TF("PHP") = 2/3 = 0.667
TF("JavaScript") = 1/3 = 0.333
3. Inverse Document Frequency (IDF) Formula
IDF(t) = log(N / (1 + DF(t))) + 1
Where:
- N = total documents in corpus
- DF(t) = number of documents containing term t
Example:
If "PHP" appears in 100 of 1000 documents:
IDF("PHP") = log(1000/(1+100)) + 1 = log(1000/101) + 1 ≈ 2.29
4. TF-IDF Weight Calculation
TFIDF(t, d) = TF(t, d) × IDF(t)
Example:
TF("PHP", d) = 0.667
IDF("PHP") = 2.29
TFIDF("PHP", d) = 0.667 × 2.29 = 1.527
5. Document Vector Representation
V(d) = [TFIDF(t₁, d), TFIDF(t₂, d), ..., TFIDF(tₚ, d)]
Example vocabulary order: [PHP, JavaScript, MySQL, Python]

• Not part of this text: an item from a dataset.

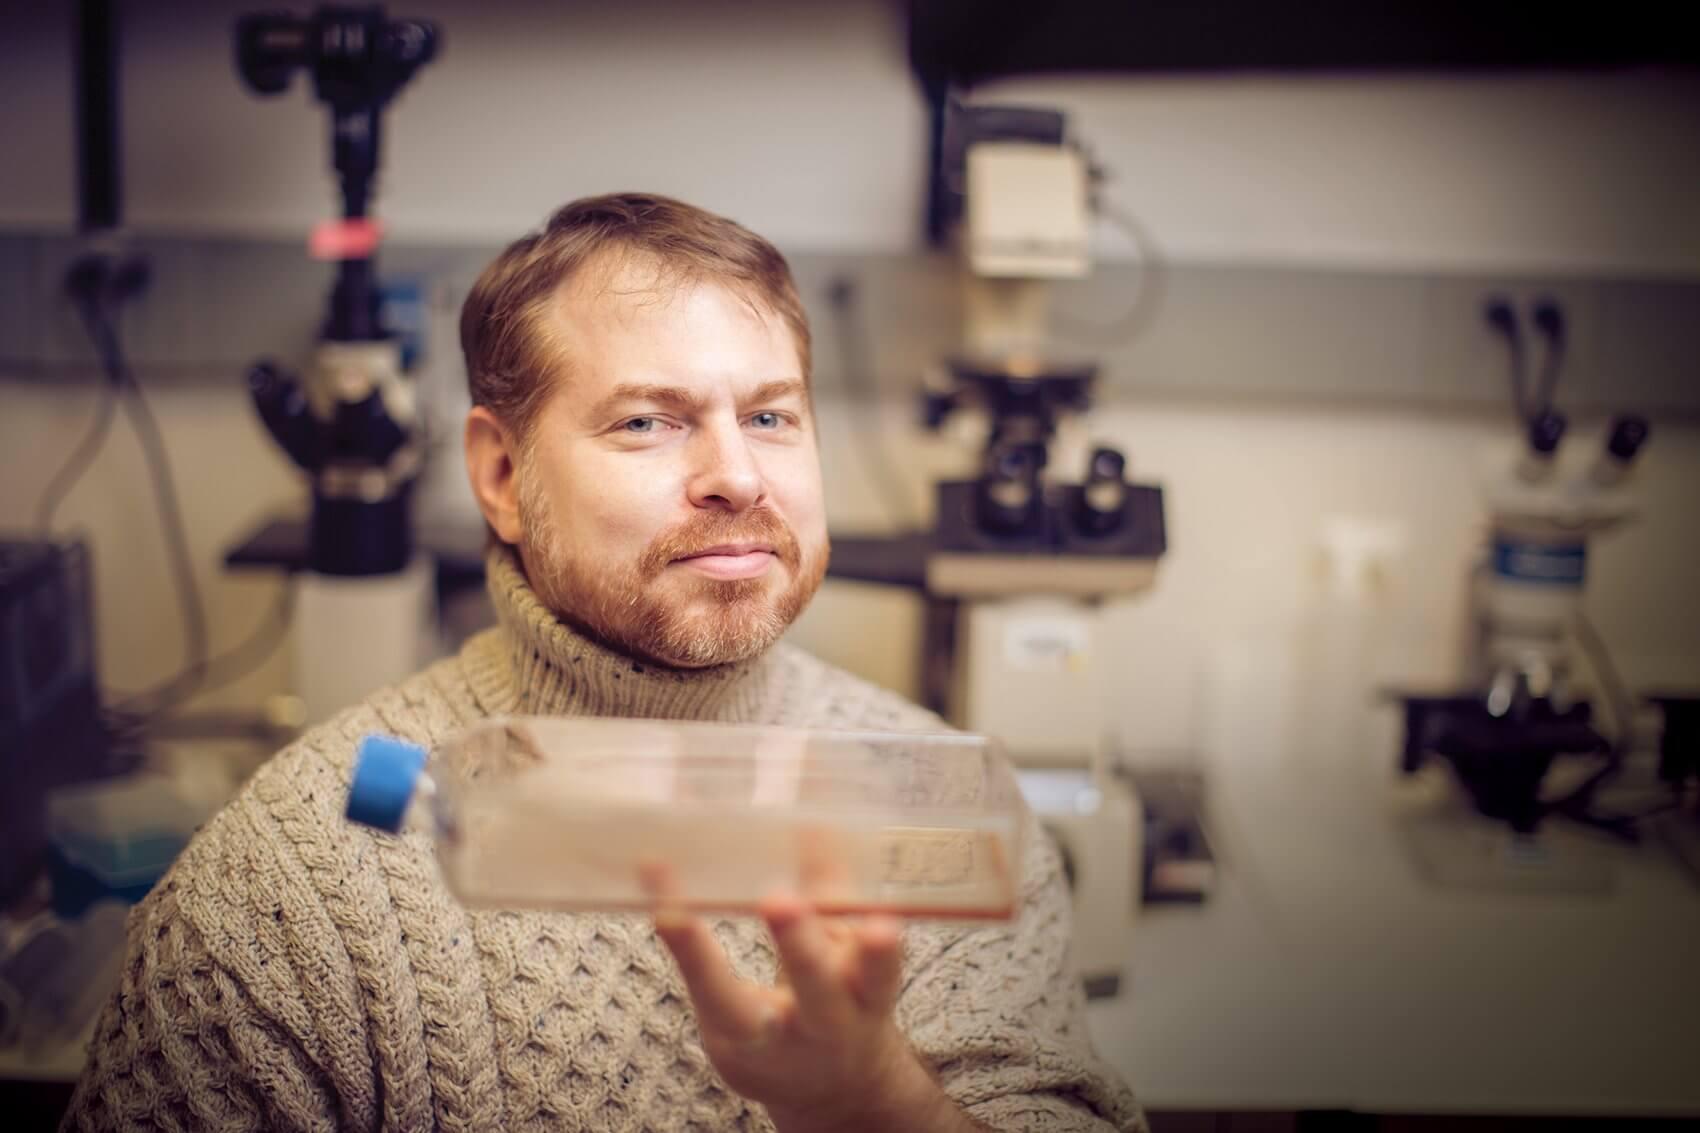 William K. Decker, Ph.D., assistant professor of immunology at Baylor College of Medicine

Document vector: [1.527, 0.873, 0, 0]
6. Dot Product Calculation
For vectors A = [a₁, a₂, …, aₚ] and B = [b₁, b₂, …, bₚ]
A·B = ∑ᵢ₌₁ᵖ (aᵢ × bᵢ)
Example:
A = [1.5, 0.8, 0, 0] B = [1.2, 0, 0.9, 0] A·B = (1.5×1.2) + (0.8×0) + (0×0.9) + (0×0) = 1.8
7. Vector Magnitude Calculation
‖A‖ = √(∑ᵢ₌₁ᵖ aᵢ²)
Example:
A = [1.5, 0.8, 0, 0] ‖A‖ = √(1.5² + 0.8² + 0² + 0²) = √(2.25 + 0.64) = √2.89 = 1.7
8. Cosine Similarity Formula
cosine(A, B) = (A·B) / (‖A‖ × ‖B‖)
Example:
A·B = 1.8 ‖A‖ = 1.7, ‖B‖ = 1.5 cosine(A, B) = 1.8 / (1.7 × 1.5) = 1.8 / 2.55 = 0.706
9. Job Recommendation Score
For freelancer fᵢ and job jₖ
R(fᵢ, jₖ) = cosine(V(S(fᵢ)), V(D(jₖ)))
Where:
- V(S(fᵢ)) = TFIDF vector of freelancer's skills
- V(D(jₖ)) = TFIDF vector of job requirements
10. Match Classification Rules
Based on cosine similarity score R
High Match: R > 0.7 # Strong skill overlap Medium Match: 0.4 ≤ R ≤ 0.7 # Partial match Low Match: R < 0.4 # Minimal or no skill match
11. Budget Compatibility Score
B(fᵢ, jₖ) = 1 - |budget_fᵢ - budget_jₖ| / max(budget_fᵢ, budget_jₖ)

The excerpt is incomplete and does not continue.